Security flaw in Prime Exclusive Moto G5 allows access to anyone
There’s no doubt in many people’s minds that the Amazon Prime exclusive version of certain smartphones offers a pretty good bargain — but it has been reported that a security flaw is affecting its Moto G5 version.
If you’re already an Amazon Prime member (or have access to the free trial), then you have the option of picking up certain mobile phones with a hefty discount on the recommended retail price. What’s the catch? You have to deal with lockscreen ads and “offers” from Amazon. So if you can live with your recent Amazon searches popping up on your lockscreen when you use your phone, then you’ve got a bargain.
That’s the way it is with the Moto G5, which can be picked up for just $240 with Amazon’s Prime Exclusive deal, a bargain for most. However, some users have noticed that Amazon’s lockscreen ads have created a pretty significant security hole that means anyone can access your phone — even if you’ve enabled the fingerprint scanner.
Hey @amazon @MotorolaUS. I found a security flaw in my Amazon motot g5. Hit fingerprint sensor (it says fingerprint not recognized), then press power button, then click view ad on the lockscreen. This gives you 100% access to the phone. pic.twitter.com/eqLWLn34pD
— Jaraszski Colliefox (@jaraszski) January 22, 2018
In the example above, one Twitter user shows how his Moto G5 can be accessed by tapping on a lockscreen ad after the phone’s screen is awoken. The ad then bypasses the fingerprint scanner, taking him straight to the ad’s target page. From there, accessing the device’s home page — and the rest of the phone’s info, pictures, and personal data — is as simple as hitting the home button at the bottom of the screen.
Reddit users on /r/Android were quick to try and replicate the flaw, and it was discovered that Moto Display needed to be turned on, and the flaw doesn’t replicate if the phone has been turned off for a significant amount of time. The description of a replication video says that duration is around 30 seconds, which doesn’t sound too bad until you realise that’s 30 seconds during which anyone can access your phone. There’s some paranoia fuel for you right there.

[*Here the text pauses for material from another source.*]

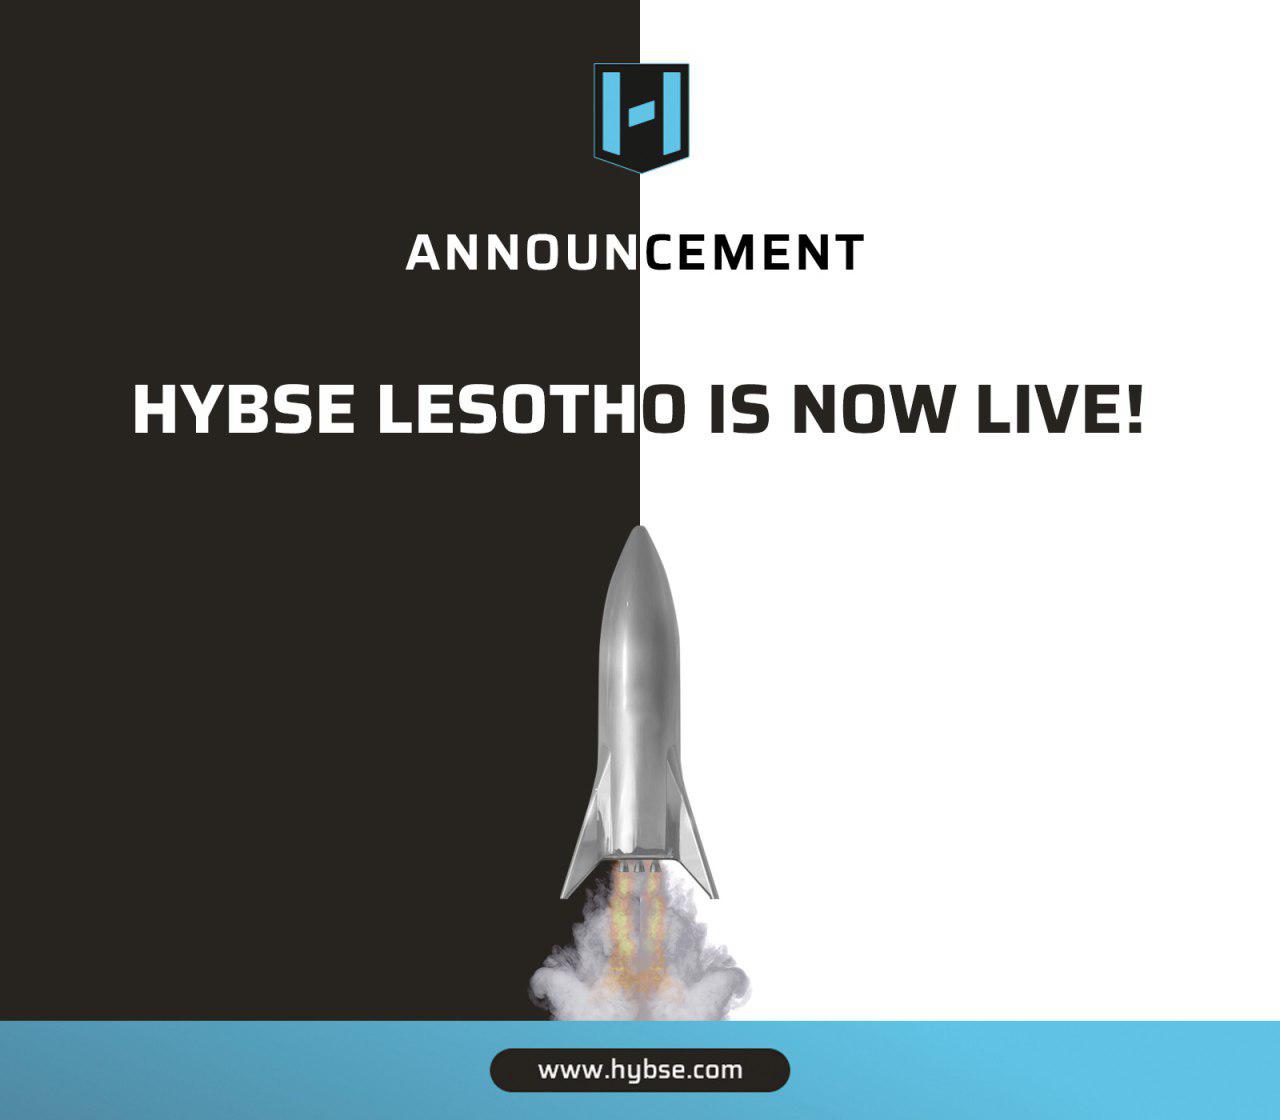  hybse lesotho dlt launch exchange doing speed

At this moment, it seems that other Prime Exclusive phones are immune to the bug. Android Police has reported that its Prime Exclusive Nokia 8 can’t be accessed in the same way, so the flaw is likely rooted in some of Motorola’s software on the Moto G5 and G5 Plus.
We contacted Motorola to find out when a fix is likely. Motorola’s Support page said “our developer is currently coordinating with the developer from Google to address this issue.” While Motorola wasn’t willing to share a timeline on the fix, it said that it would be keeping members of the Motorola Community forum updated, and that a fix would be published on the Motorola website as soon as it was ready.